Evaluation Metric. The performance of a retrieval system is assessed using a standard measure – the normalized discounted cumulative gain (nDCG). It measures the quality of the ranked list of the top k retrieved items (we use \(k=30\) throughout) normalized to the [0, 1] range, where 1 signifies a perfect ranking in which items are sorted in a non-increasing relevance-to-query order. For details on the definition of the relevance, refer to the appendix [24]. Each item in the test dataset is used as a query and the average nDCG@30 is reported as the final retrieval performance. Recall that the labels are noisy, and note that we only extract a single frame/1 s audio per video and can therefore miss the relevant event, so the ideal nDCG of 1 is highly unlikely to be achievable.
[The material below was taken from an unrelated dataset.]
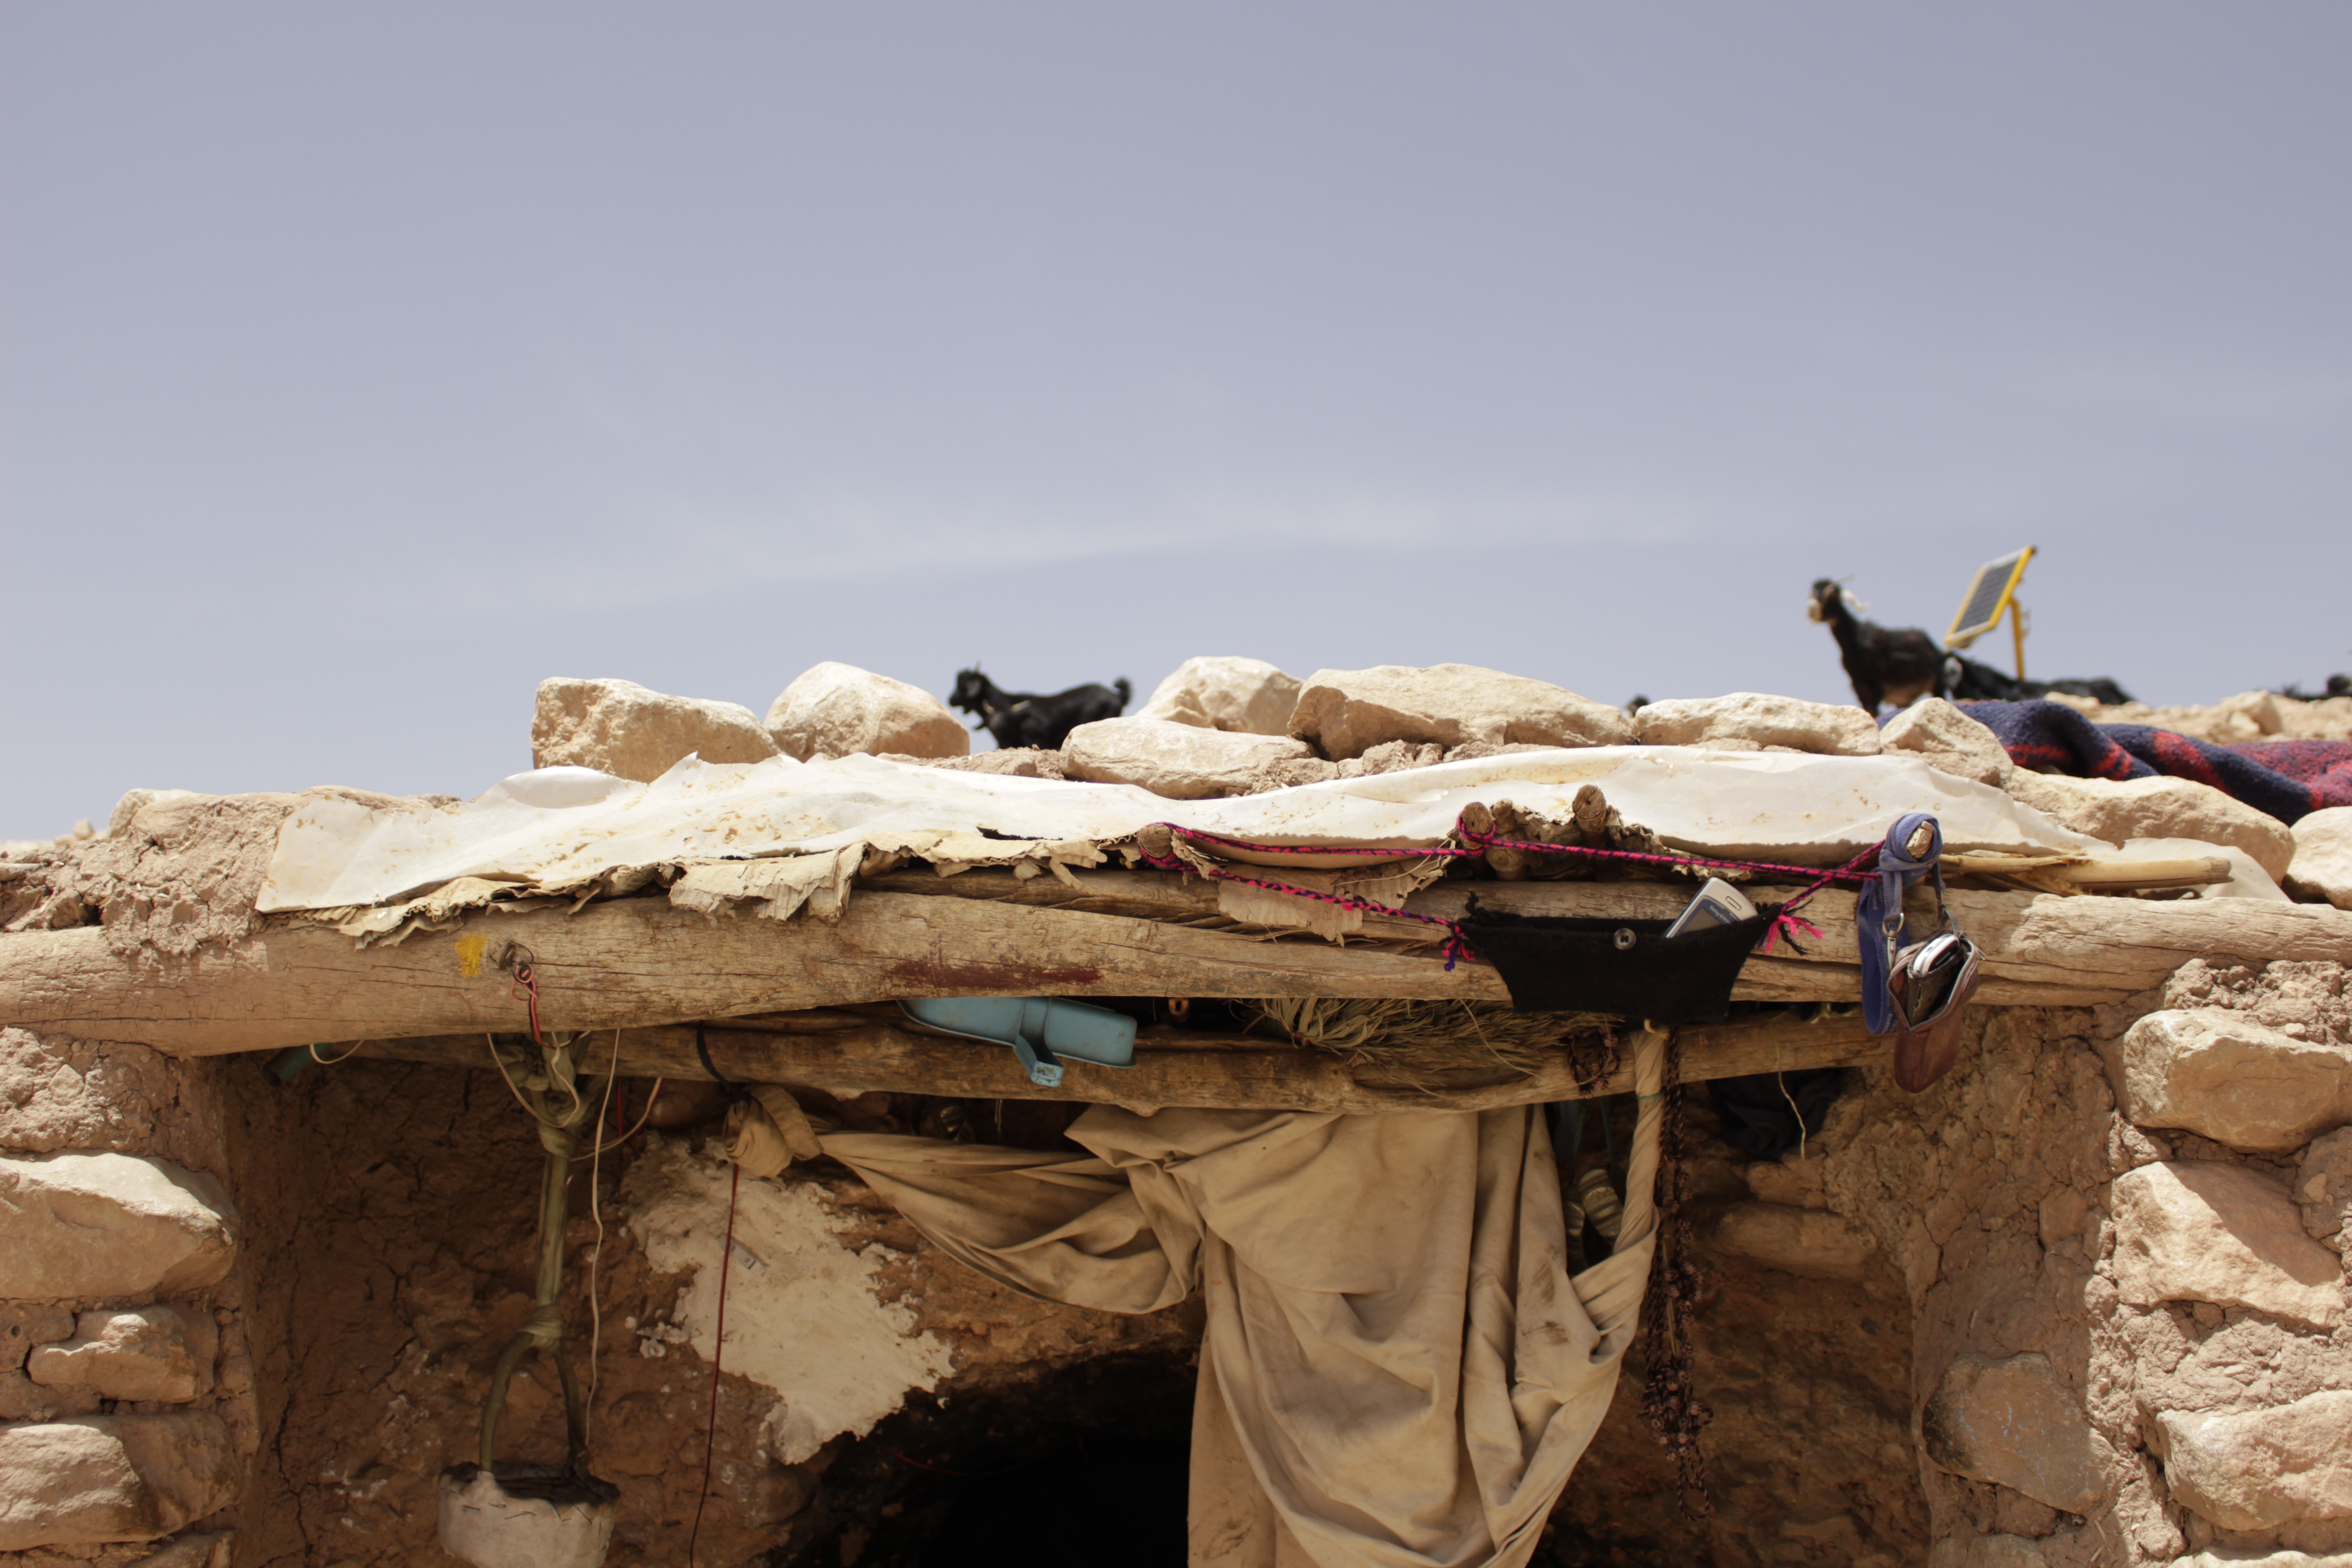 حقوق الصورة: وصال الشيخ - المغرب: تعيش عائشة مع ابنتها وزوجها وبعض أحفادها على بُعد ساعتين مشياً على الأقدام، إذا أخذنا الطريق من قرية "بوتغرار"، جنوب شرق المغرب، إلى الجبال المجاورة لها.  
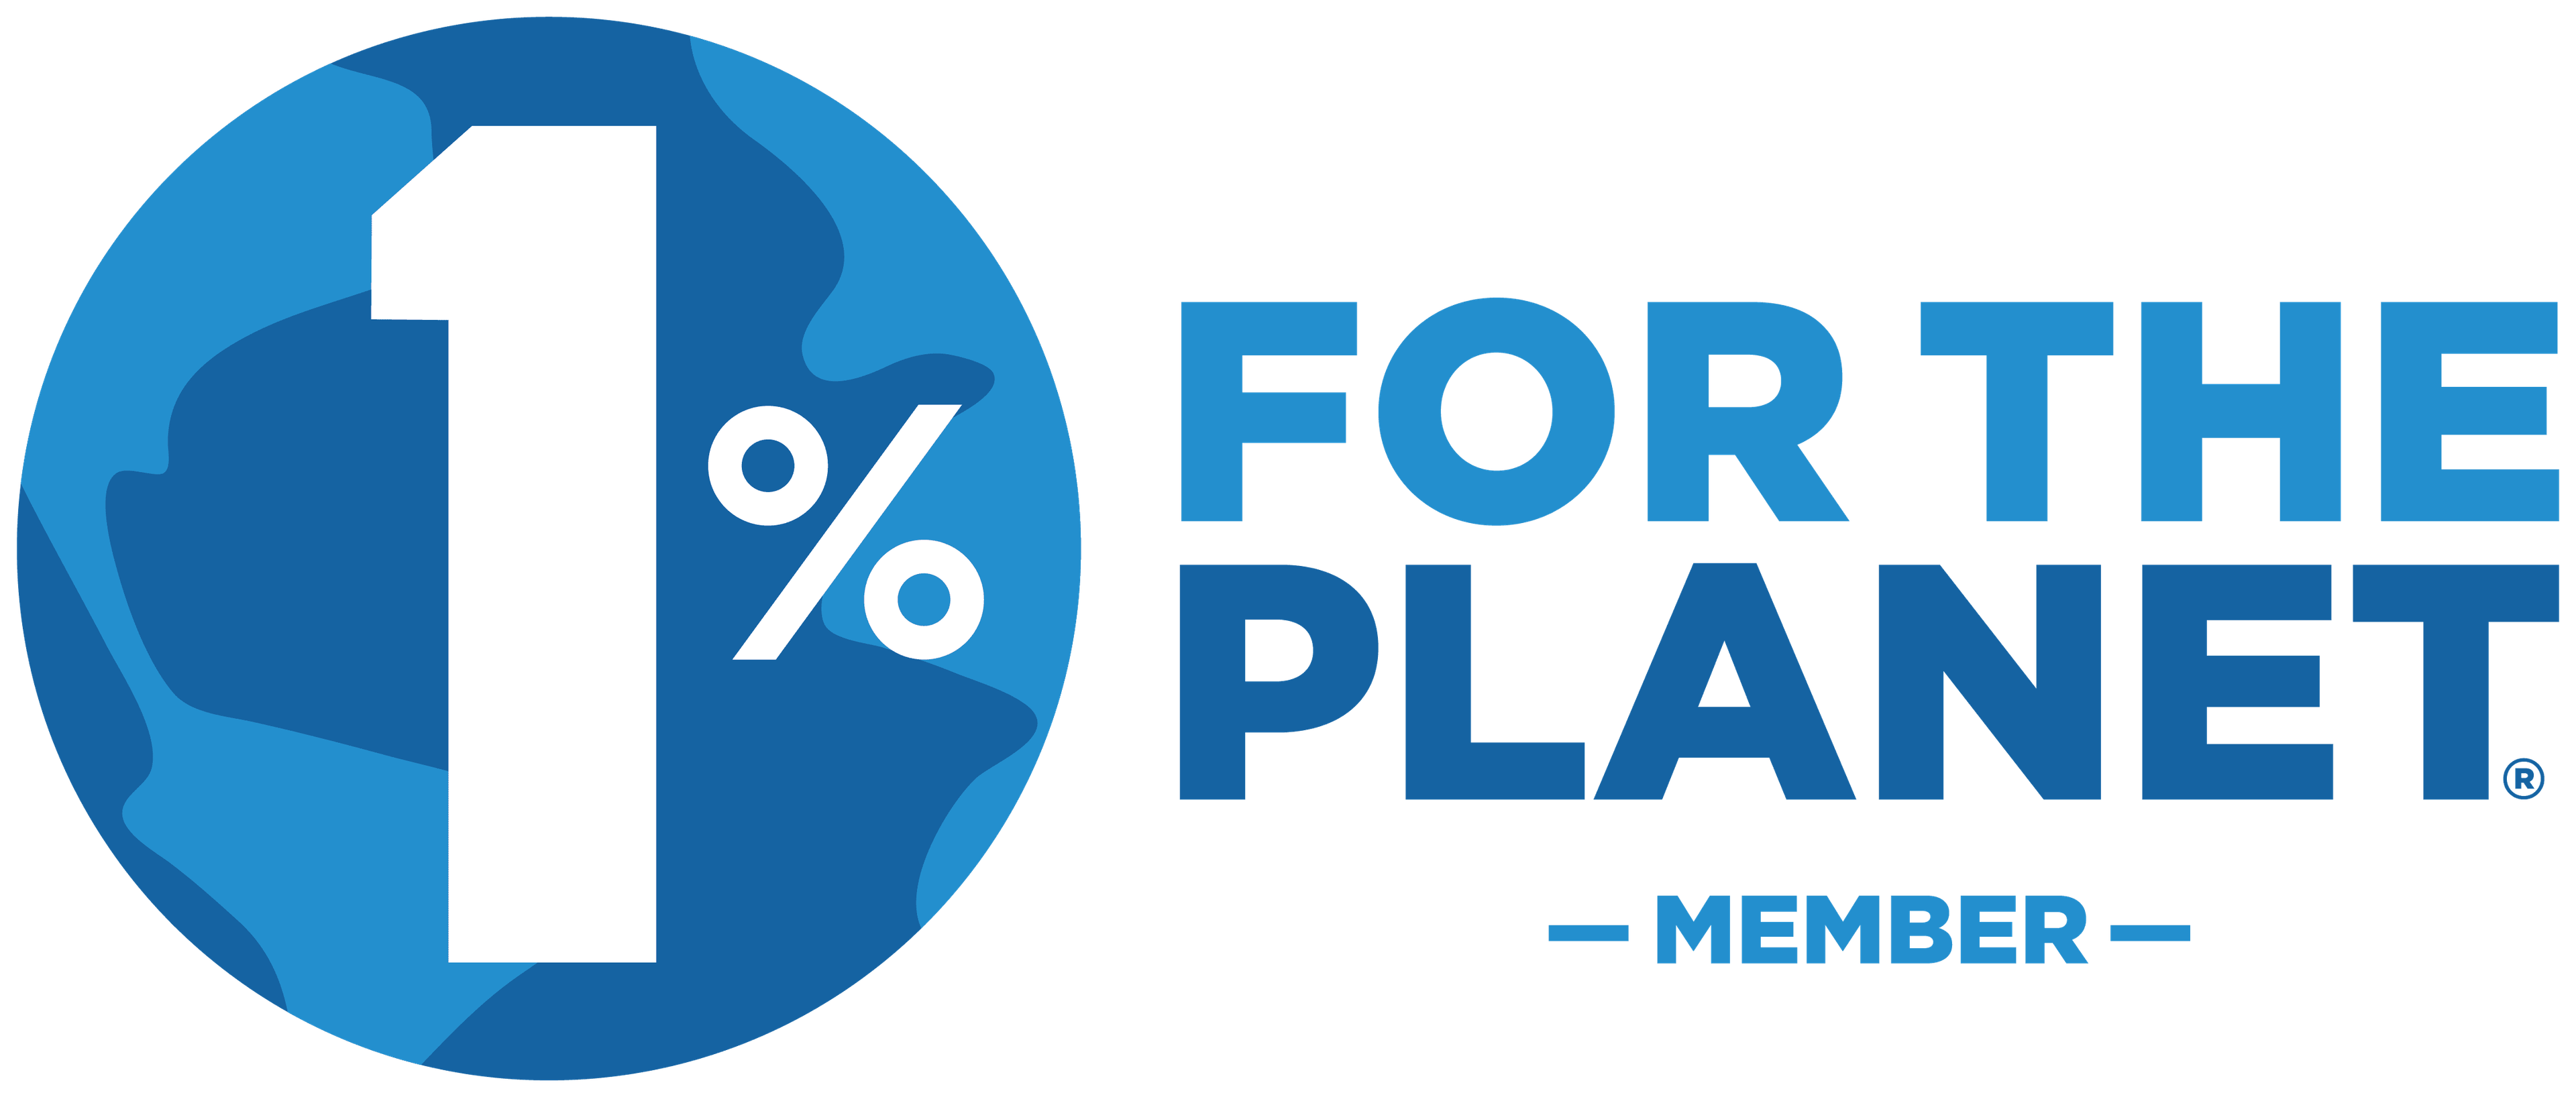 1% For The Planet Member logo.

Baselines. We compare to the \(L^3\)-Net as it is also trained in an unsupervised manner, and we train it using an identical procedure and training data to our method. As the \(L^3\)-Net is expected not to work for cross-modal retrieval since the representation are not aligned in any way, we also test the \(L^3\)-Net representations aligned with CCA as a baseline. In addition, vision features extracted from the last hidden layer of the VGG-16 network trained in a fully-supervised manner on ImageNet [30] are evaluated as well. For cross-modal retrieval, the VGG16-ImageNet visual features are aligned with the \(L^3\)-Net audio features using CCA, which is a strong baseline as the vision features are fully-supervised while the audio features are state-of-the-art [4]. Note that the vanilla \(L^3\)-Net produces 512-D representations, while VGG16 yields a 4096-D visual descriptor. For computational reasons, and for fair comparison with our AVE-Net which produces 128-D embeddings, all CCA-based methods use 128 components. For all cases the representations are L2-normalized as we found this to significantly improve the performance; note that AVE-Net includes L2-normalization in the architecture and therefore the re-normalization is redundant.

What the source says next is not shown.